As stated earlier I almost destroyed this friendship while still budding, to much water, to much love and fuss, not enough freedom nor space afforded to allow for this growth. My insecurities almost got the better of me. Because I feel and believe the arrow pierced both of us, my defects were not enough to ruin this flower from growing. He is so different than most everyone I have ever met. Jan often says of Aye, "How does it feel to try and understand someone who is exactly like you?" This is the problem. He plays his hand the same way I would. I understand this and I still panic when he puts his cards down. I know what his had will hold because it is the same as mine, but I can’t read it. I screw it all up in my head. I jump to conclusions, I apologize for nothing. I act like a jealous little trust fund kid. I panic. And then the fog clears from around my head and I look at the situation and down at his hand and there it is nothing that I expected to see. It is never what I expect. It literally blows my mind.

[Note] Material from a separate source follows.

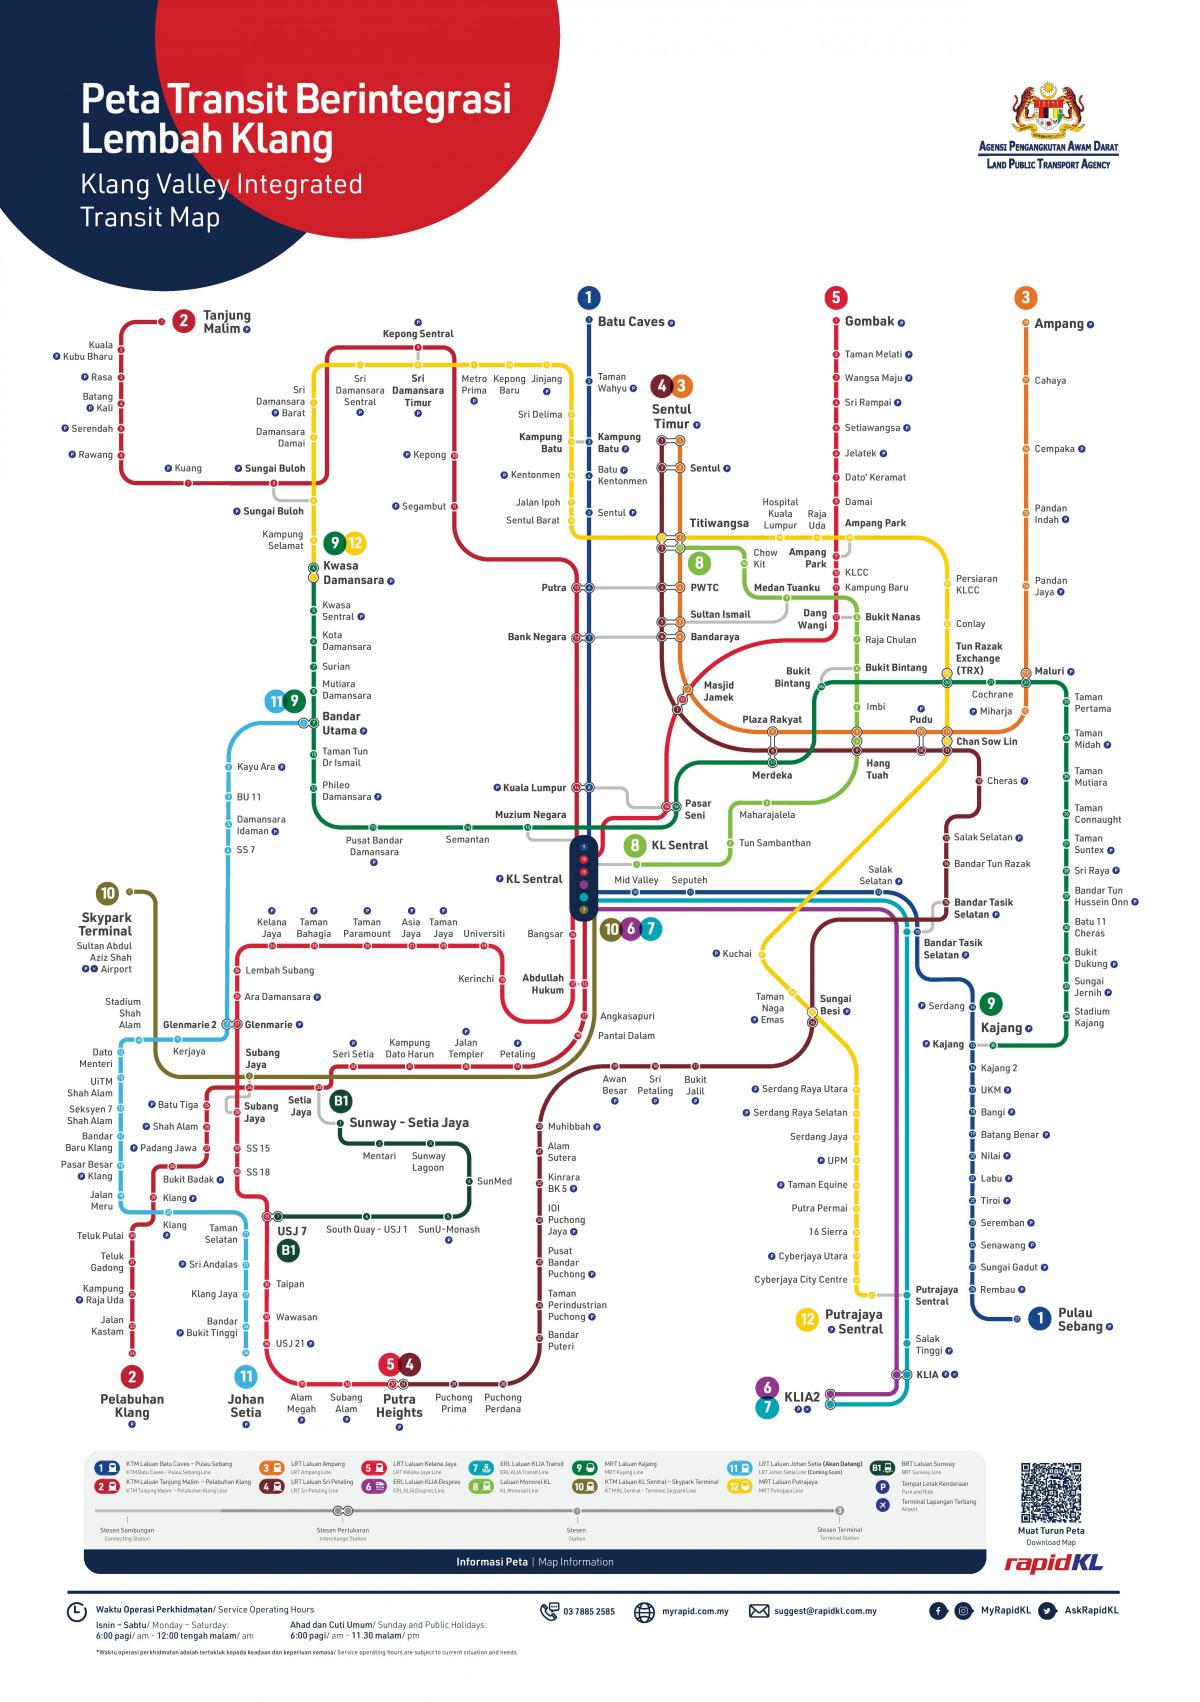 Plan du chemin de fer de Kuala Lumpur (KL)

The moment I met Aye I no longer wanted to be alone. I wanted to come out of the shell. I wanted to try and love another man no matter what the outcome. It wasn’t just another man it was him.  I wanted him. I fooled myself into thinking I just wanted a friendship, but that was not the case. From the day ours eyes met and he extended his hand to me and said my name is Aye. I crumpled. I fooled myself into believing I wanted friendship because I didn't want to hear the word, “NO, I don’t want a relationship with you.” I fooled my self wholeheartedly and I never heard his words. He wanted more from the beginning and I pushed that aside due to fear, insecurity and shame for the scars that now riddle my body. Now that I have told him the truth about all of my fears time has allowed our infatuation to develop into the friendship I knew would grow. I am happy with where we are at today. We talk. We joke around. I get him presents and he gets mad. They are stupid little things because I can’t afford something real for him to enjoy. I am glad this relationship has come about. I learned that I can love another, get hurt or have fun, and I can experience all of this without self-destructing. He has allowed me the chance to want to live life again. I am so grateful. I do not think he will ever truly understand the part he has played in my life.

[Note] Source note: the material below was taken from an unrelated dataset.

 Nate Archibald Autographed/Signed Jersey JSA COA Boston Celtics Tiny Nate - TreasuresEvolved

Peage, what really happened is that I no longer have to live life in hopes of your returning to me and saying lets get married! I wont lie I have had a few daydreams of our beautiful city hall marriage. Seriously, since I have met Aye, I no longer think of you as the last man I will ever love.

This brings me to the point of all these words. By no means are any of these words meaningless to me. If anything they are the most real words I have ever given to you. I still love you. I don’t think I will ever fall out of love with you. Would I would come back to you in a heart-beat.  Of course, I would come back to you, my angel, if I was not in a relationship. All you need to do is ask. I think you know this, but I also think you know that I am not the man for you. I will never stop loving you. Forever and always. You are my angel. You are my love at first sight. You are everything. Maybe one day you will come back to me and we can have a glass of wine (probably not), how about a ton of coffee and cigarettes, and laugh about all of my zaniness. Most importantly, the least I can do is be the friend I promised to be so many fucking years ago. My angel, my love, my friend, come back to me and lets live. If not, I am sorry for all the hurt I caused, all of the sleepless nights, all of the pain, and my short-comings, my failures to you and to myself. I am here. You know how to find me. No matter where I am or whom I am with, I am here for you, watching and waiting for you. My light always burns for you.

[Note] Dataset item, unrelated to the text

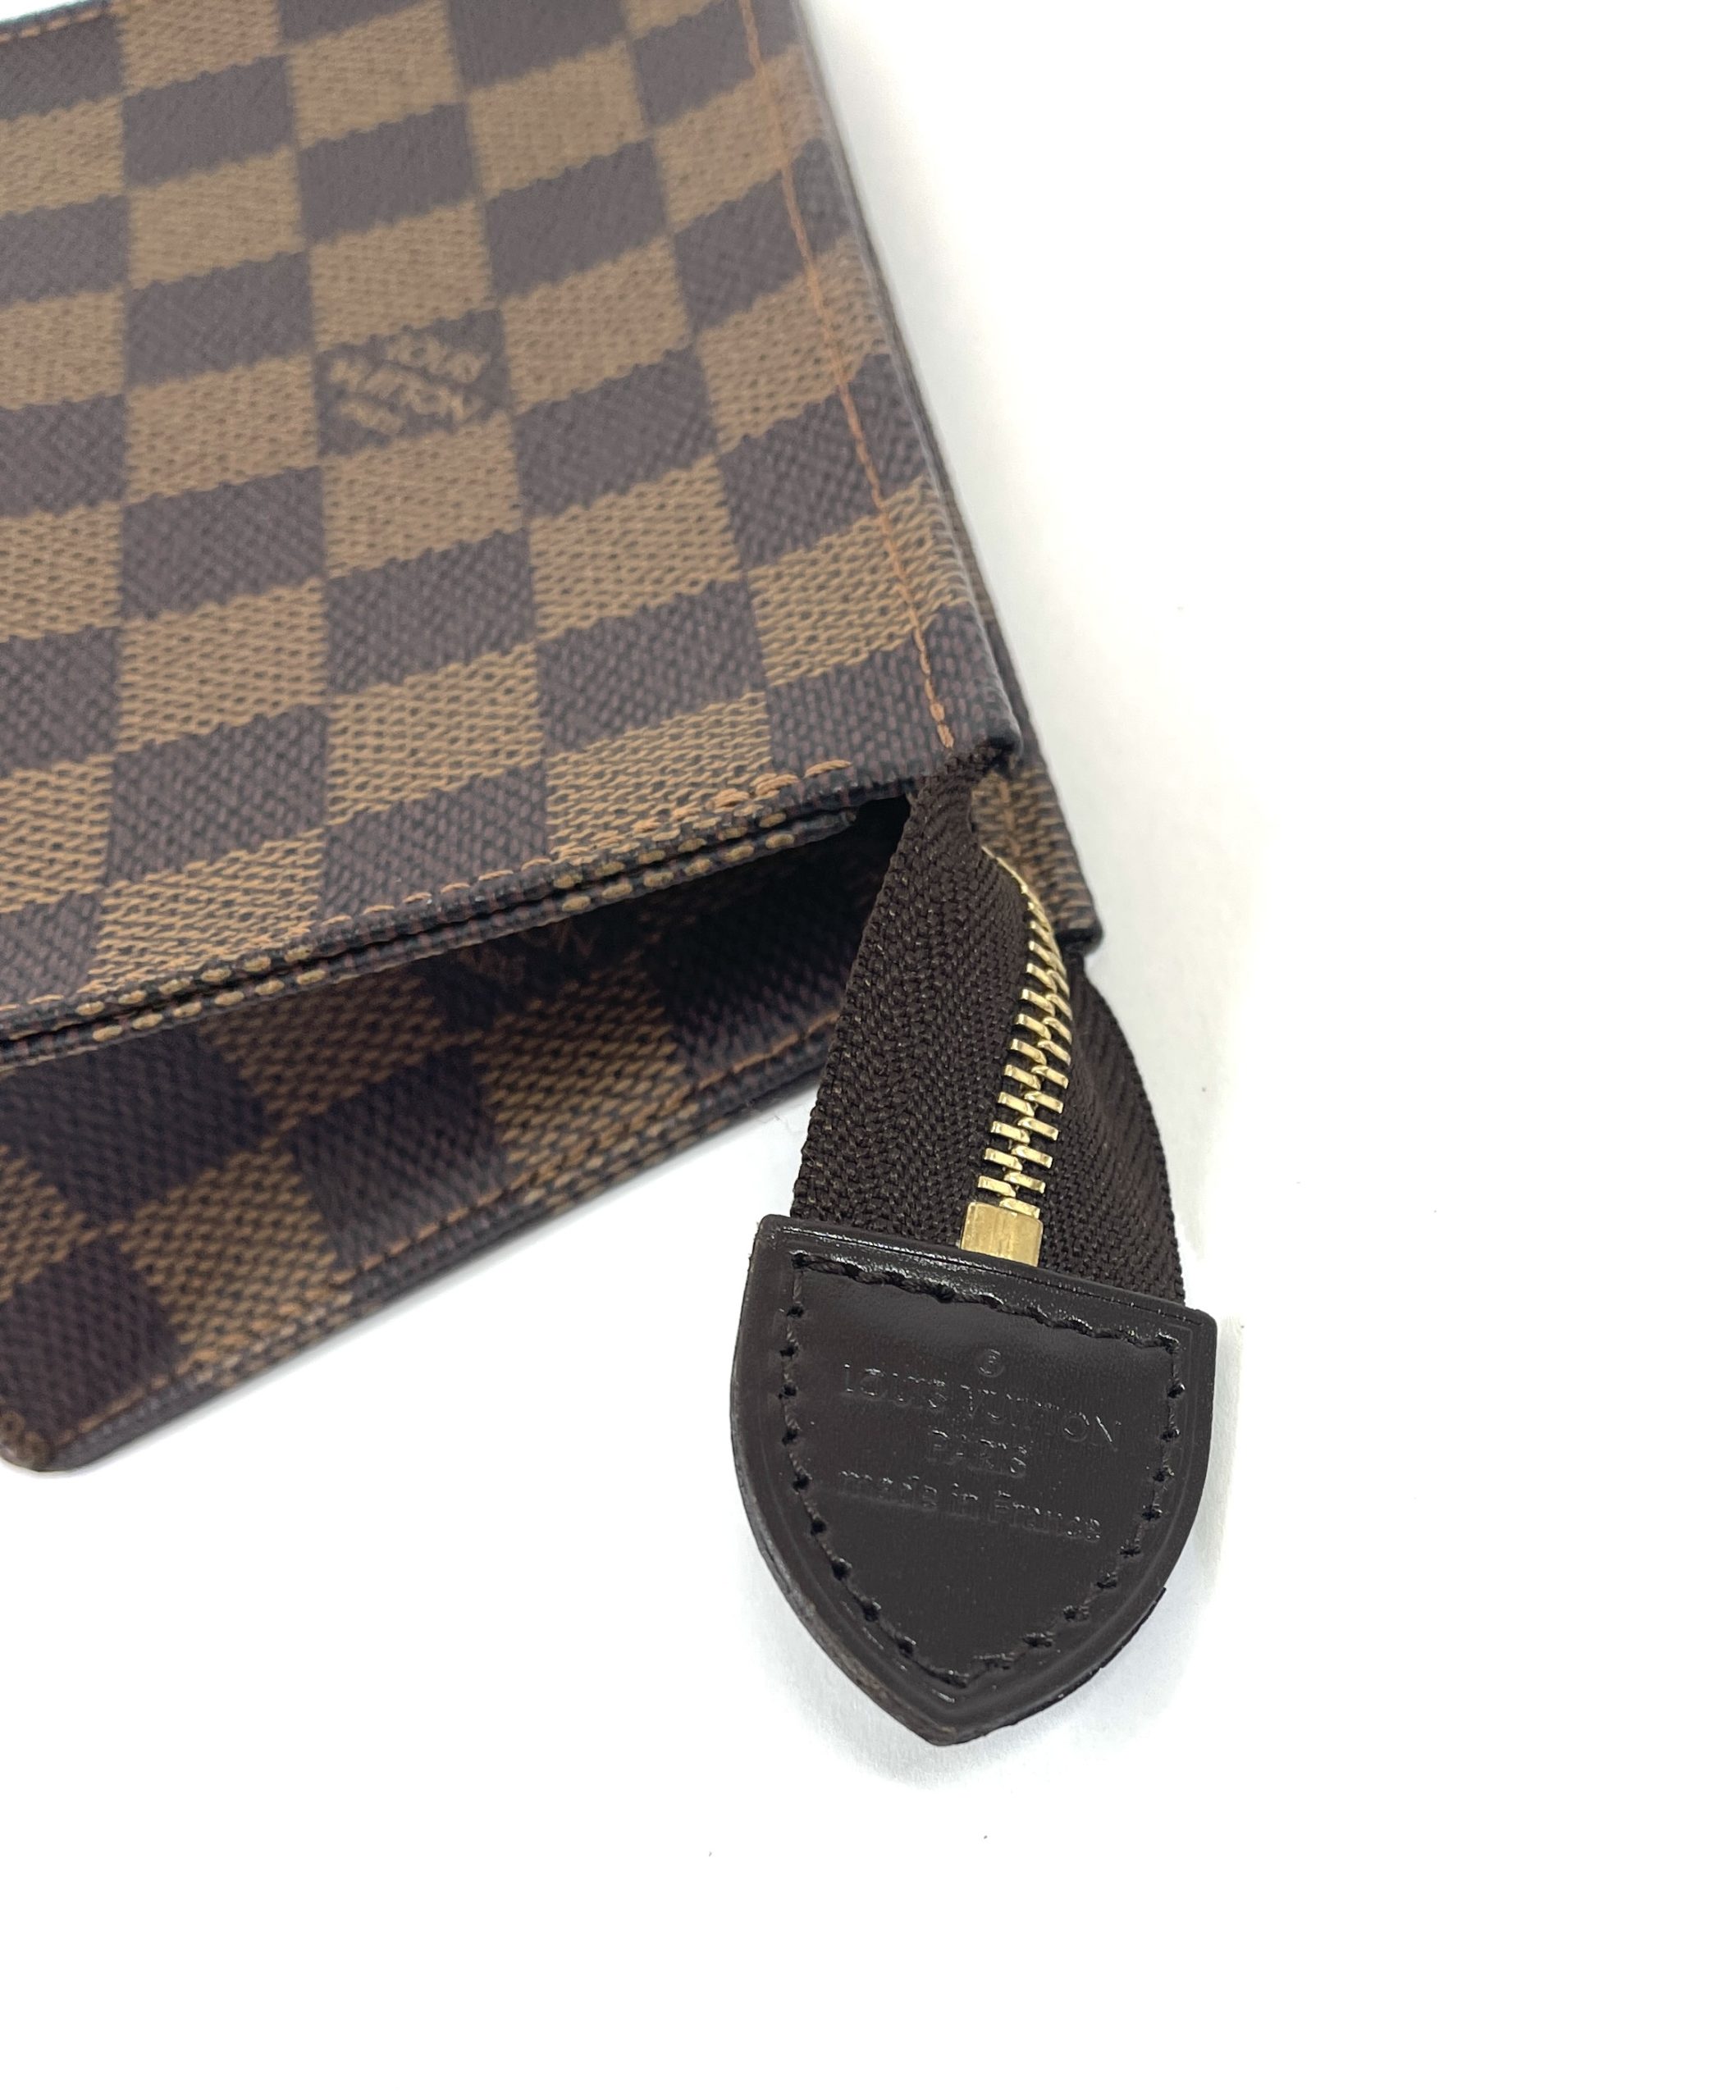 Shop Louis Vuitton Cosmetic pouch (M47515, N60024, N47516) by BeBeauty

We've been through fake-a-breakdown, self-hurt, plastics, collections, self-help, self-pain, EST, psychics, fuck all.
I was central. I had control. I lost my head. I need this, I, I need this.
A paper weight, junk garage, winter rain, a honey pot.
Crazy all the lovers have been tagged.
Hotline wanted ad, crazy what you could have had, I need this. I need this. I, I, I need this. Crazy what we could've had… Michael Stipe, R.E.M.